Restate each record word for word, omitting whatever pictures it holds.

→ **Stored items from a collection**
☆ ☆ ☆ ☆

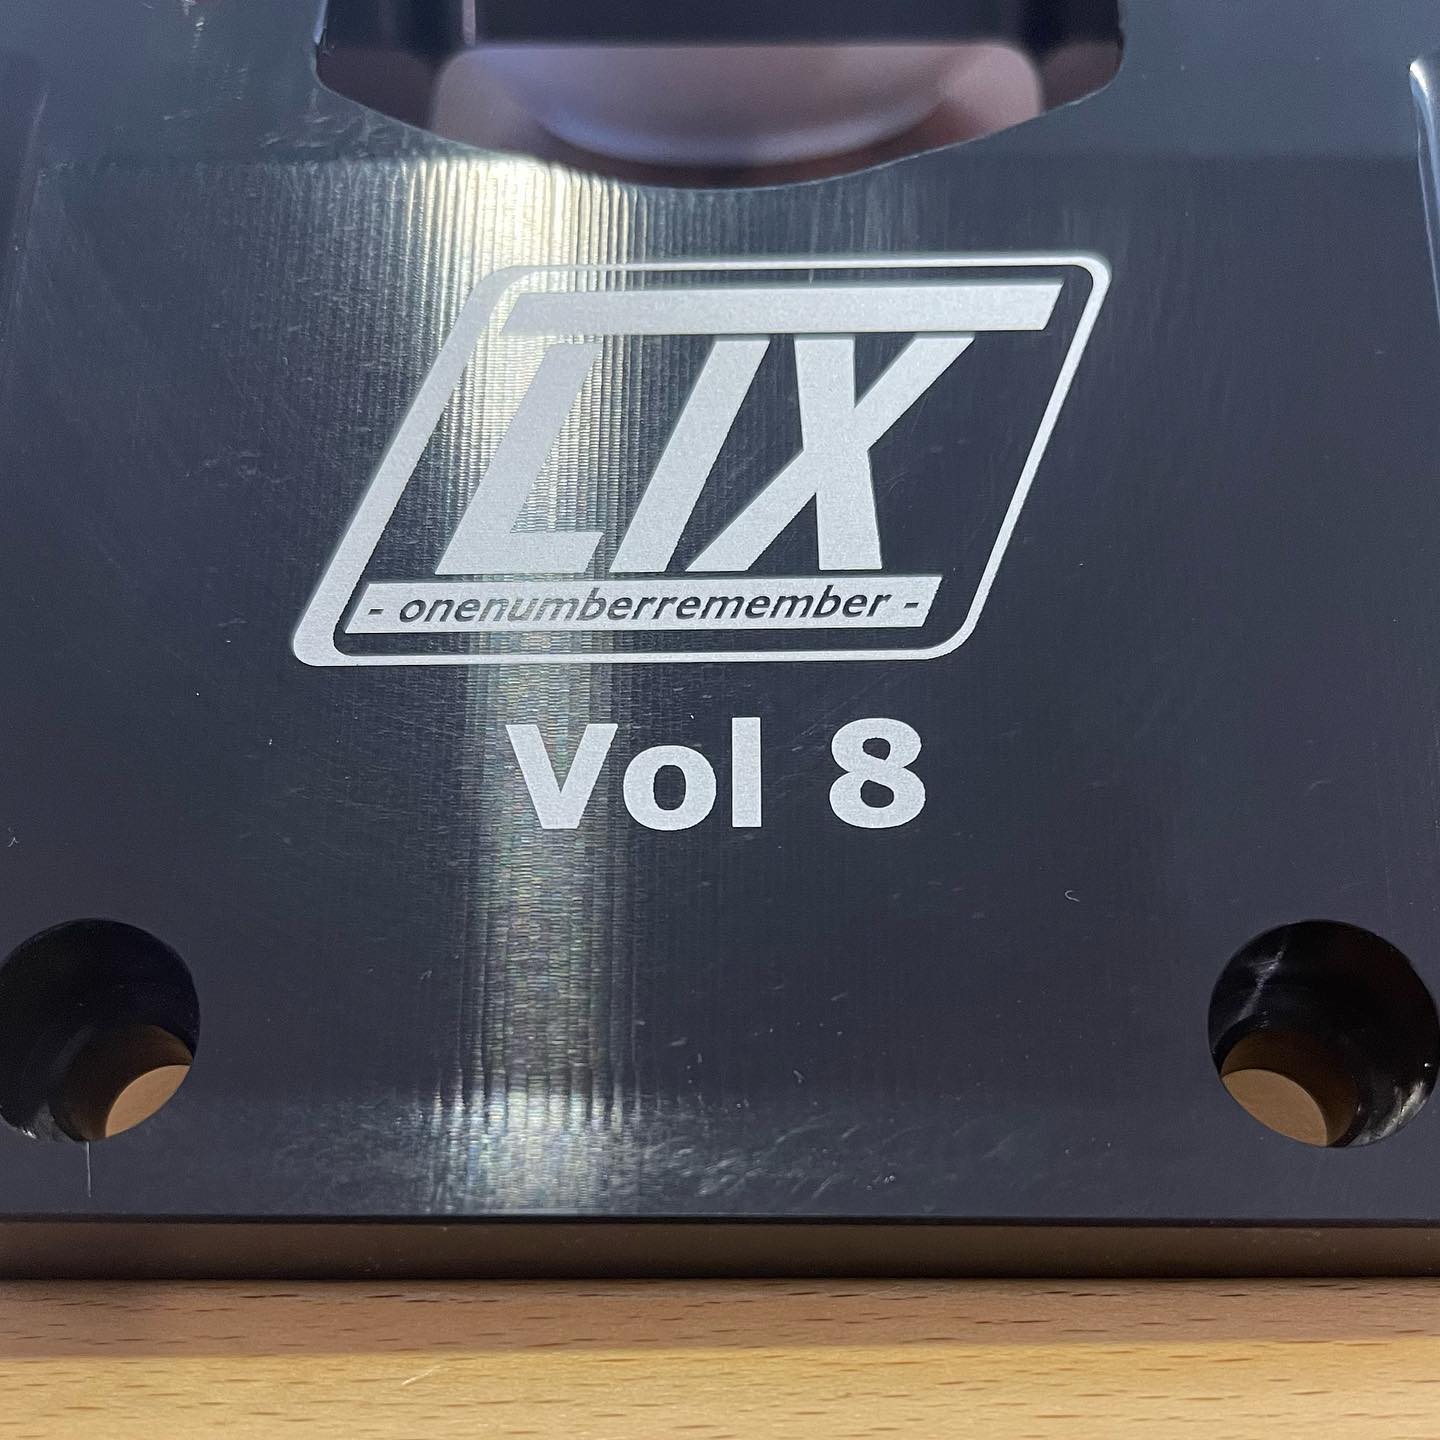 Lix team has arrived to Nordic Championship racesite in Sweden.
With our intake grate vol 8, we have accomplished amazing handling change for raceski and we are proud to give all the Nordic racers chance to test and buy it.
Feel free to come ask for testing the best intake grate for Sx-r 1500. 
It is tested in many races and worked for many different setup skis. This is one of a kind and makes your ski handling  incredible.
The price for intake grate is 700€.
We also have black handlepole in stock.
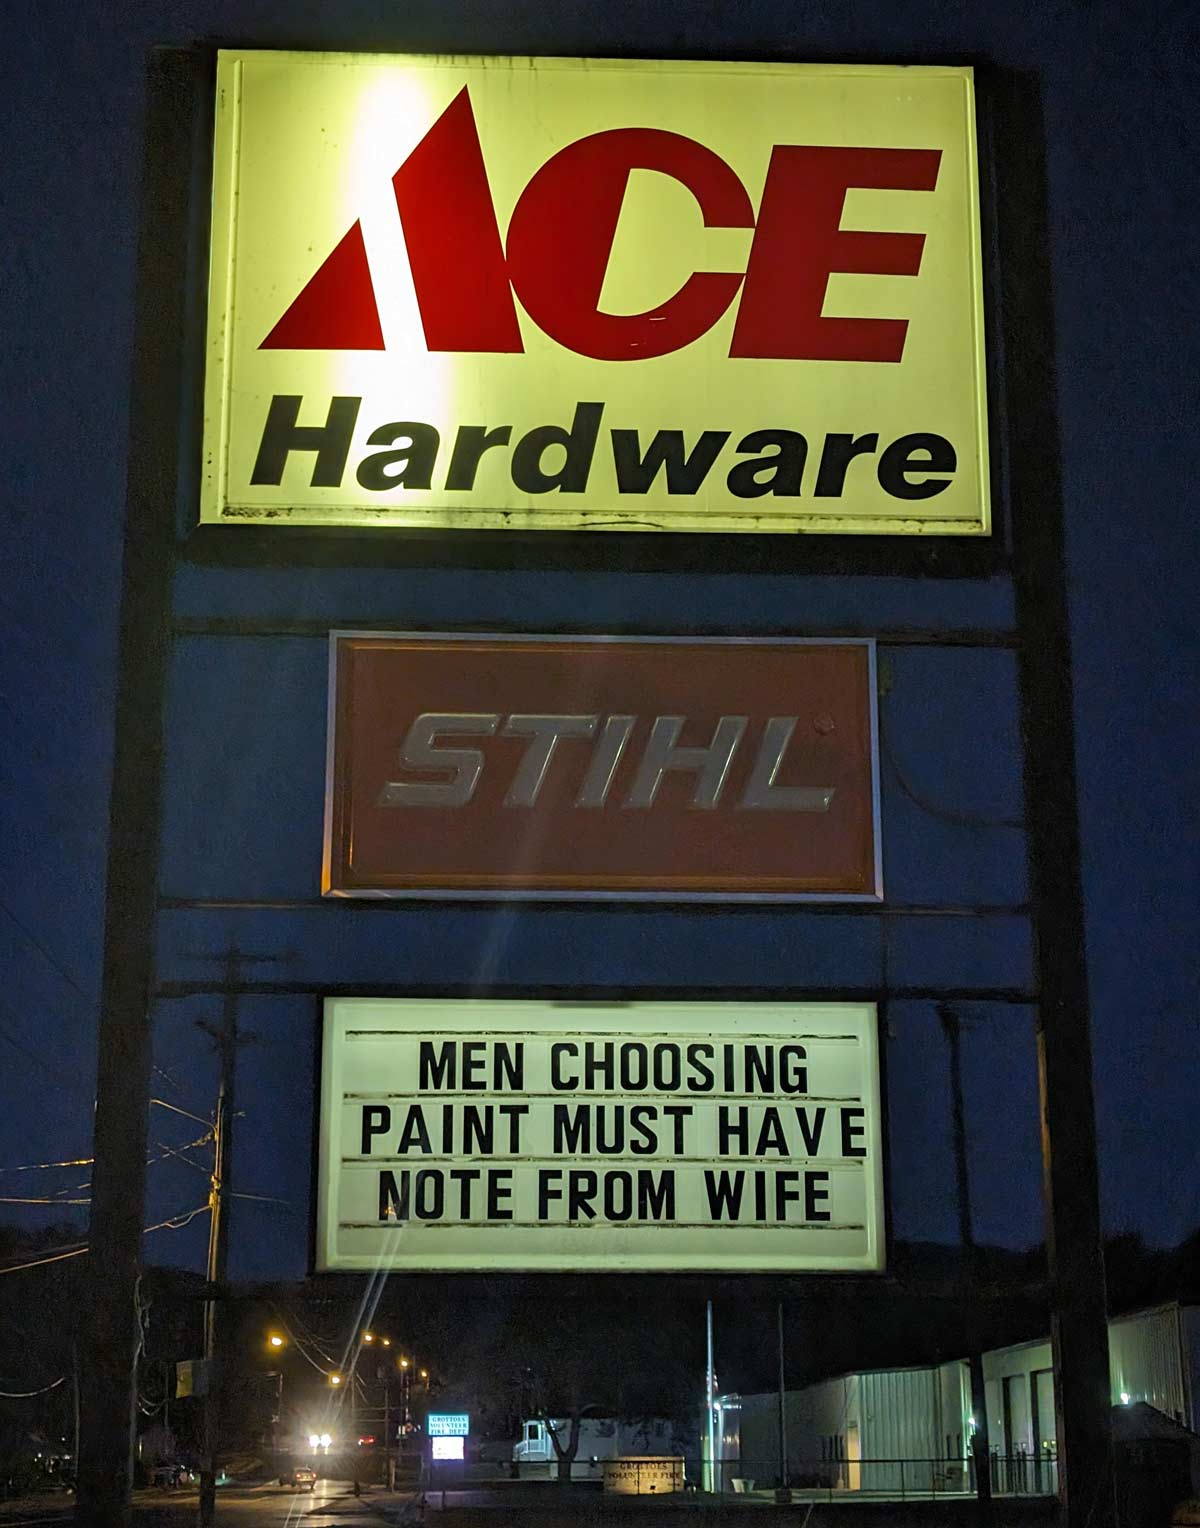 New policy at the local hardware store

☆ ☆ ☆ ☆

→ **Solution to the problem**
 Lix team has arrived to Nordic Championship racesite in Sweden.
With our intake grate vol 8, we have accomplished amazing handling change for raceski and we are proud to give all the Nordic racers chance to test and buy it.
Feel free to come ask for testing the best intake grate for Sx-r 1500. 
It is tested in many races and worked for many different setup skis. This is one of a kind and makes your ski handling  incredible.
The price for intake grate is 700€.
We also have black handlepole in stock.
 New policy at the local hardware store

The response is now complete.